Title 46, United States Code, Appendix, section 104 (46 U.S.C. App. 104), authorizes the issuance of cruising licenses to pleasure vessels of countries which extend reciprocal privileges to United States pleasure vessels. Canada is such a country. Section 4.94 of the Customs Regulations, concerns the issuance of cruising licenses which exempt foreign yachts from formal entry and clearance procedures. Subsequent to the receipt of the cruising license, yachts may arrive and depart from the United States and cruise in specified waters of the United States without entering and clearing, without filing manifests and obtaining or delivering permits to proceed, and without the payment of entrance and clearance fees, or fees for receiving manifests and granting permits to proceed, duty on tonnage, tonnage tax, or light money. The license is granted subject to the condition that the vessel will not engage in trade or violate the laws of the United States in any respect.

The bareboat charterer of a Canadian-flag pleasure vessel, whether to a United States resident or not, could obtain a cruising license to cruise in the waters of the United States, including California waters. A time or voyage charterer may not be issued a cruising license, however, because in our view the vessel is engaged in trade and is no longer a pleasure vessel as required by 46 U.S.C. App. 104.
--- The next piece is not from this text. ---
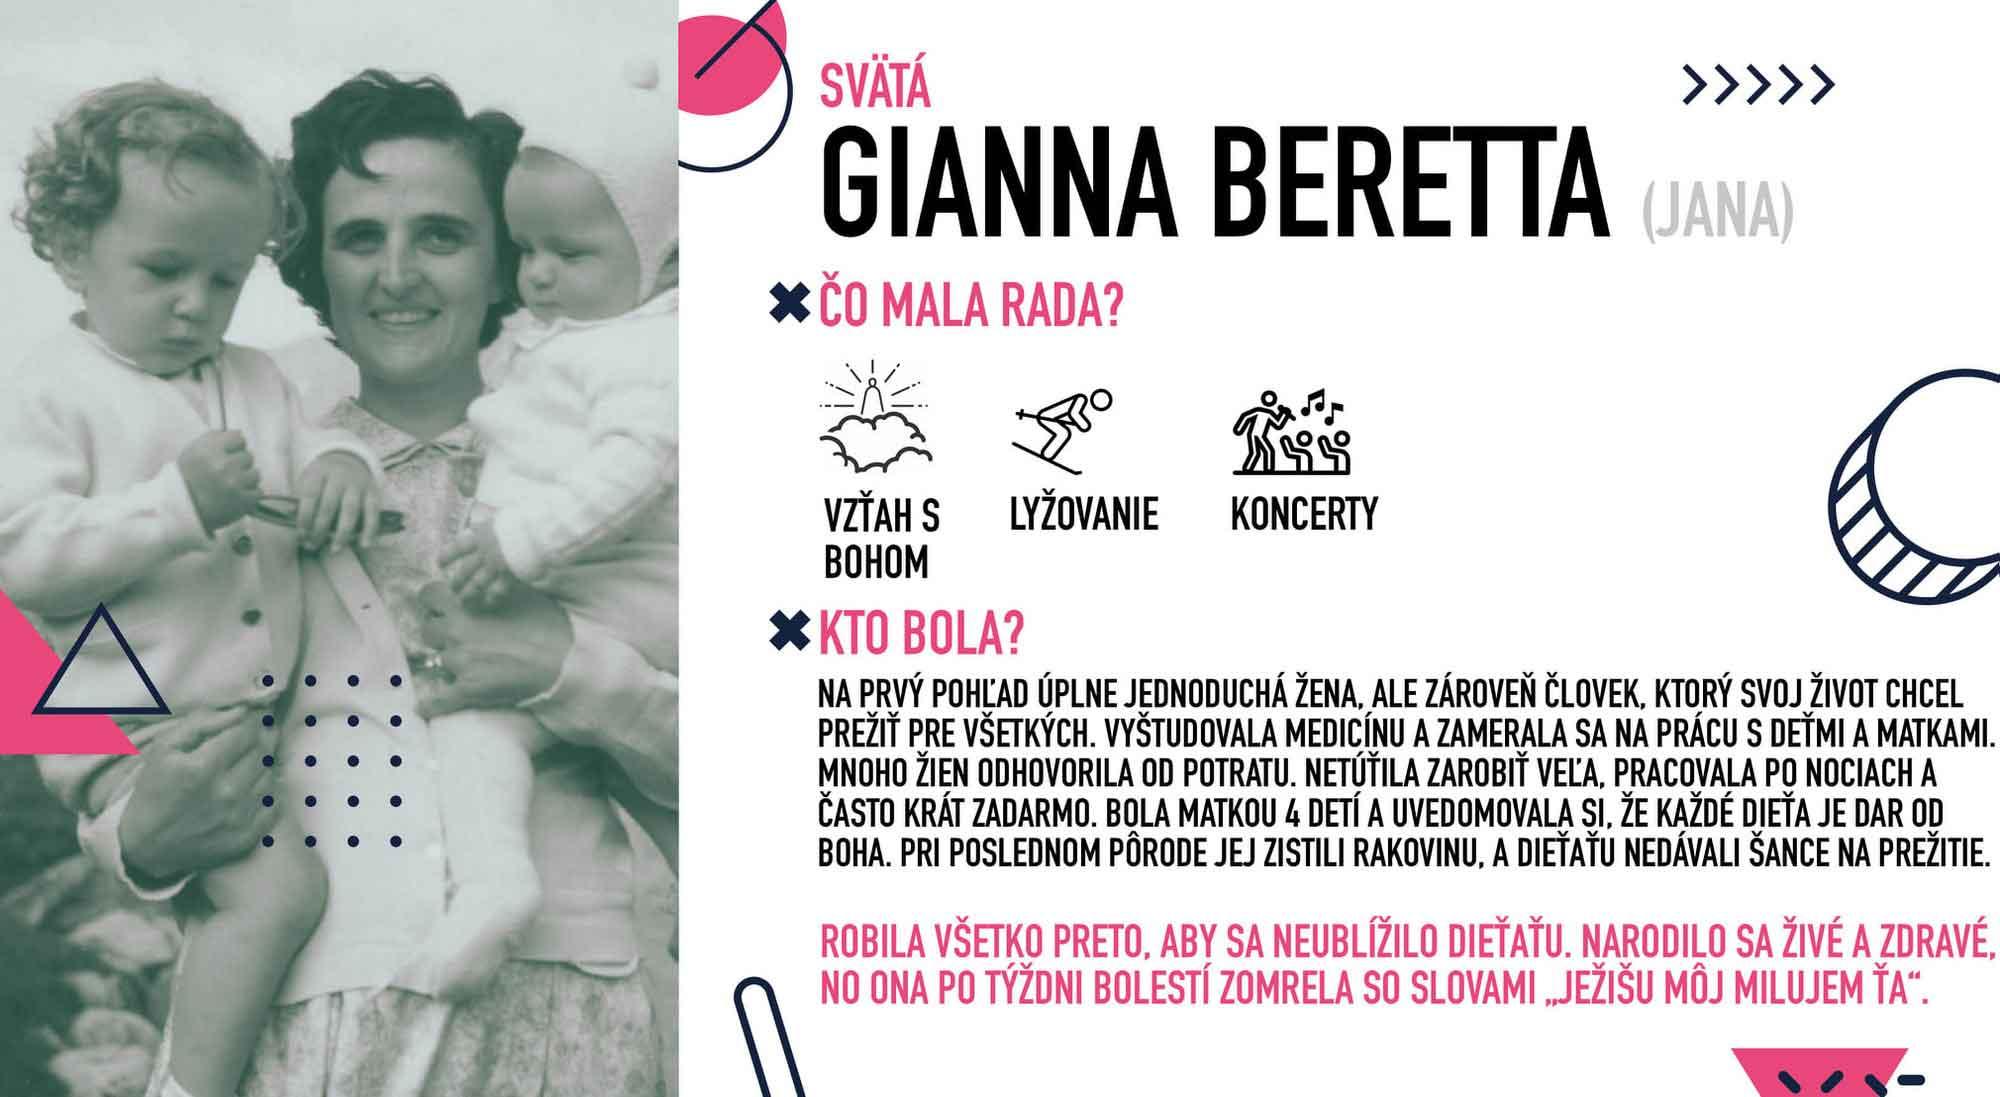 Gianna Beretta

The master, however, of a foreign pleasure vessel with a cruising license is required to report the vessel's arrival at each United States port as provided in 19 U.S.C. 1433.
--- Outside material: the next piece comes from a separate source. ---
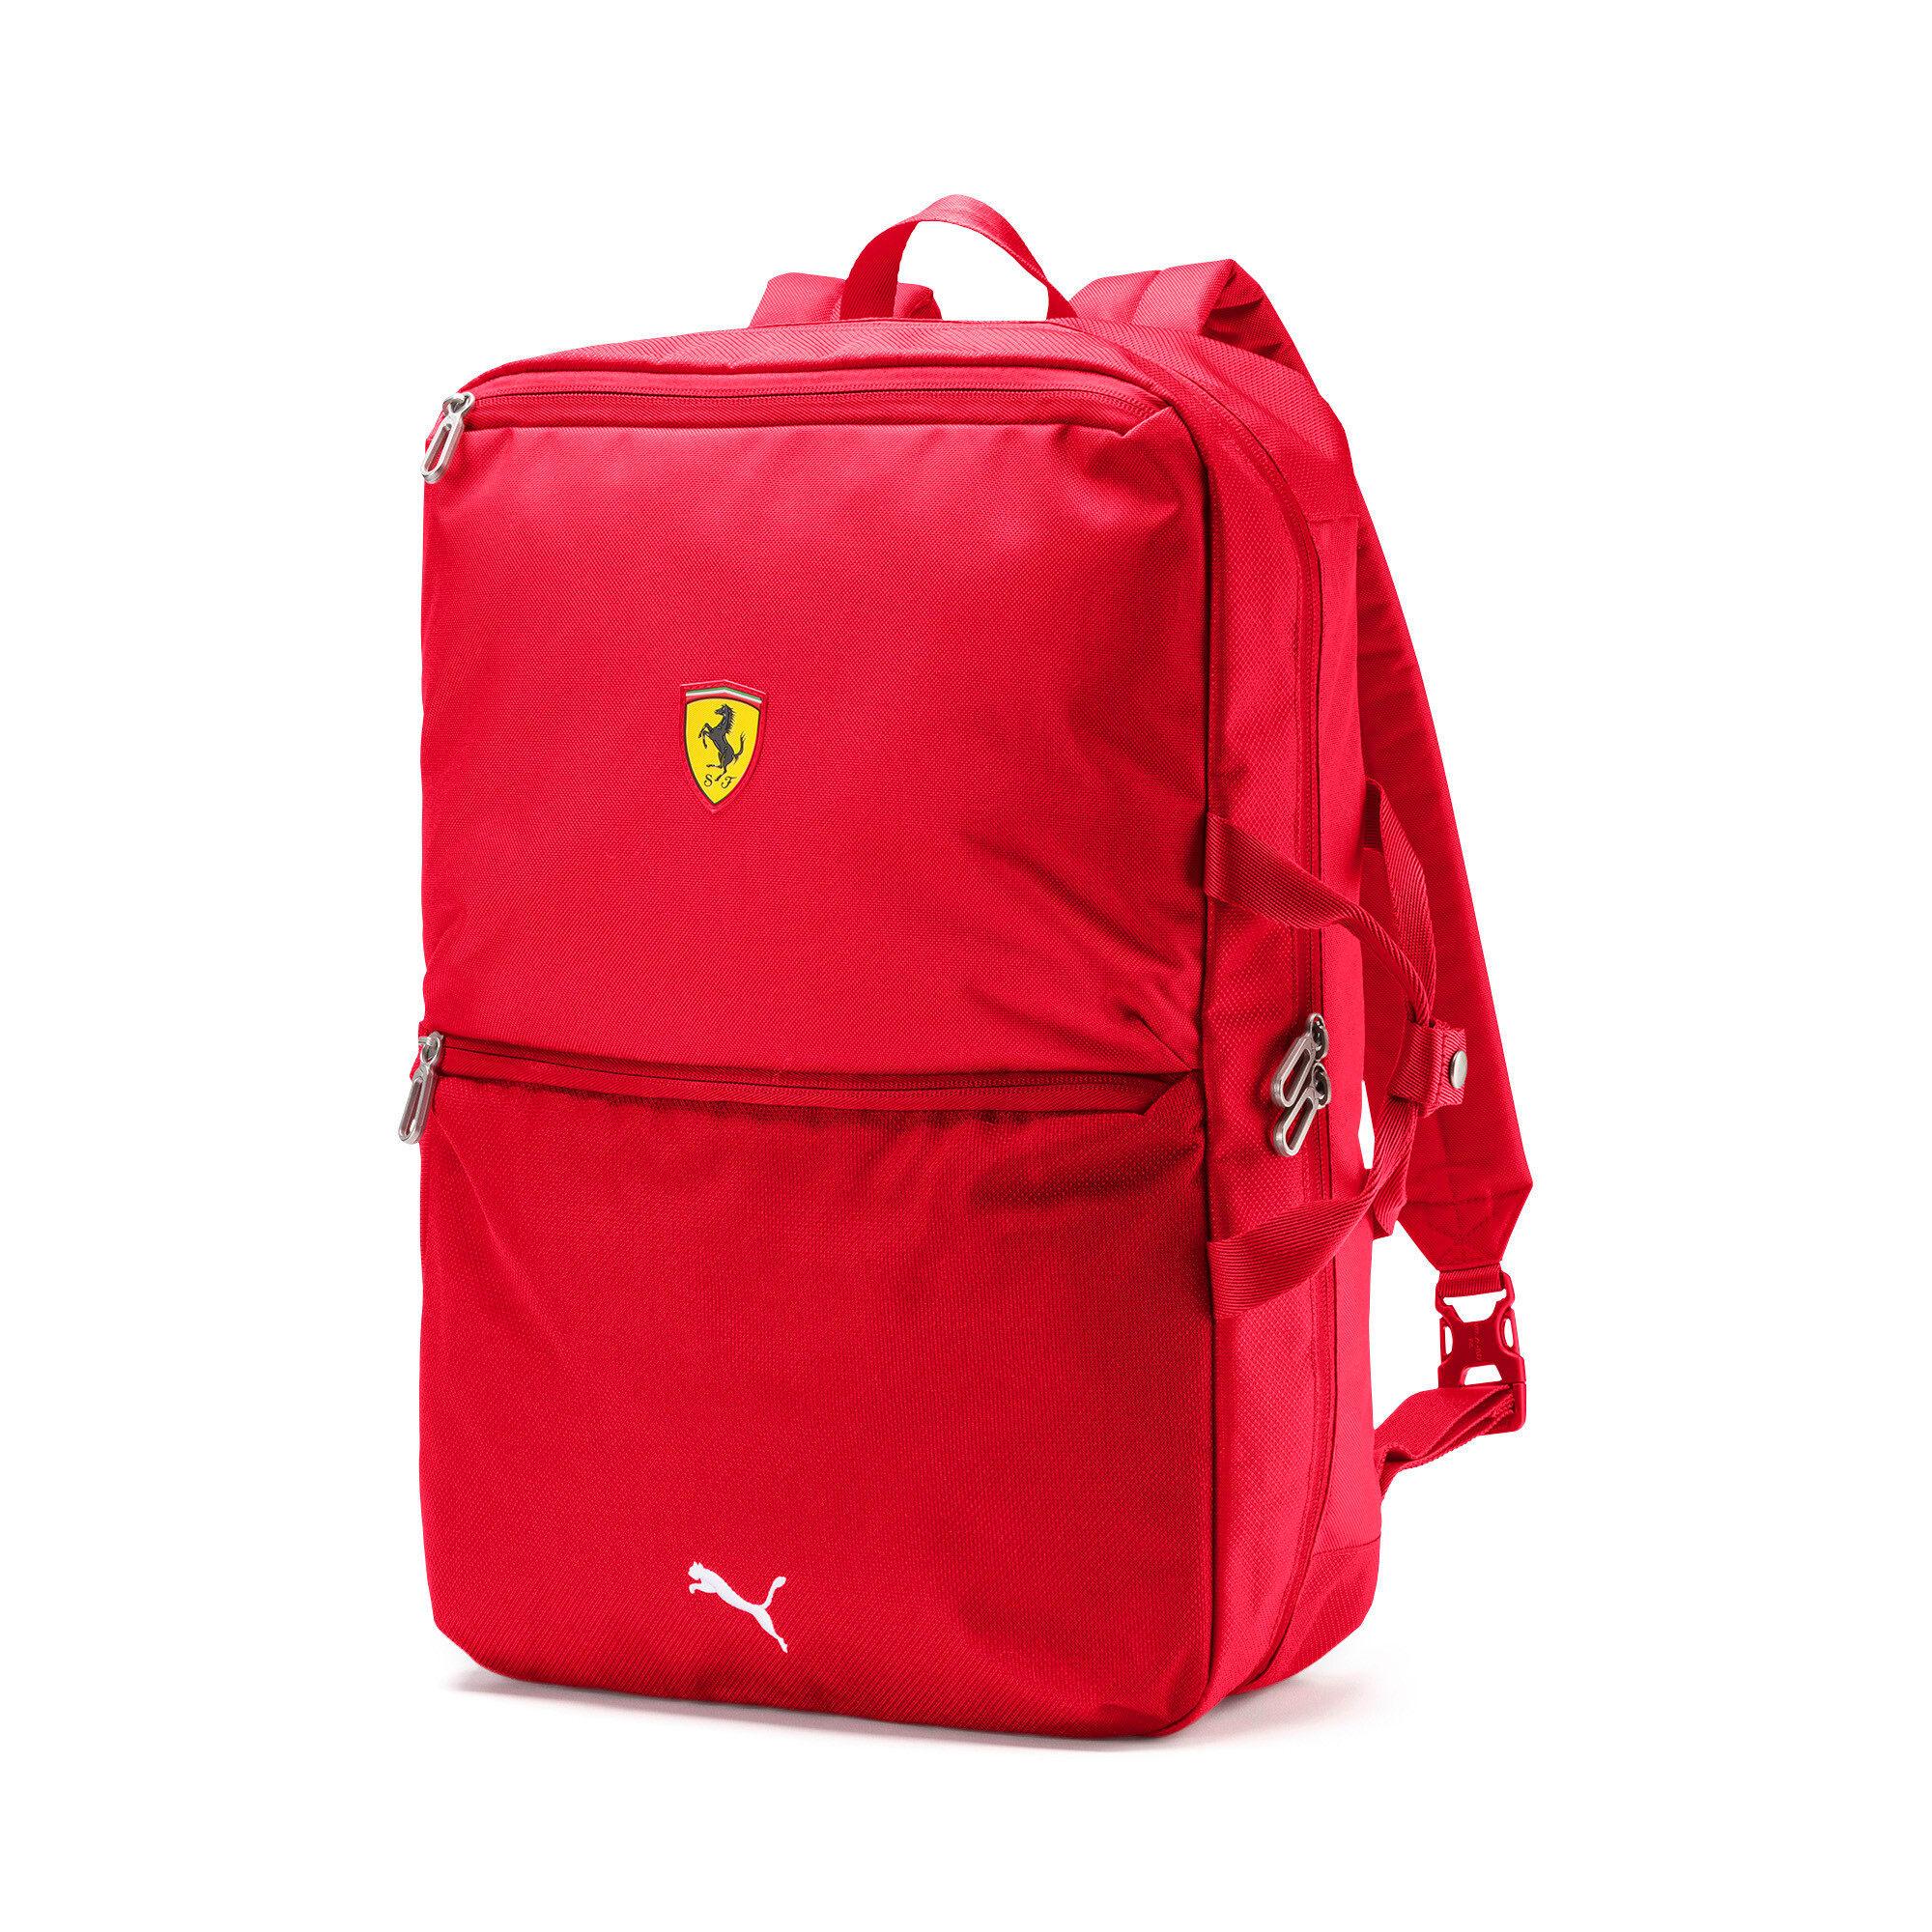 Thumbnail 1 of Ferrari Replica Backpack, Rosso Corsa, medium

Cruising licenses, as their name implies, are intended for the use of foreign vessels on relatively brief cruises in the United States and are not to be used as a form of permanent license to permit a foreign vessel to remain indefinitely in our waters.

We apologize for the delay in responding to your inquiry. This ruling addresses only those federal requirements which are administered by the Customs Service. Questions relating to the vessel's registration and documentation, and vessel safety requirements should be directed to the United States Coast Guard at the following address:

Mr. Thomas Willis
Chief, Vessel Documentation
U.S. Coast Guard (GMVI-6/13)
2100 Second Street., SW (Room 1312)
Washington, D.C. 20593-0001


A foreign-flag yacht, or other pleasure vessel brought into the United States for sale or charter to U.S. residents is subject to duty under subheading 8903.91.00 or 8903.92.00 of the HTSUS.
A foreign-flag yacht or other pleasure vessel may be bareboat chartered to U.S. residents for pleasure use without violating the coastwise statutes provided under the charter agreement the owner relinquishes complete management and control of the vessel to the charterer.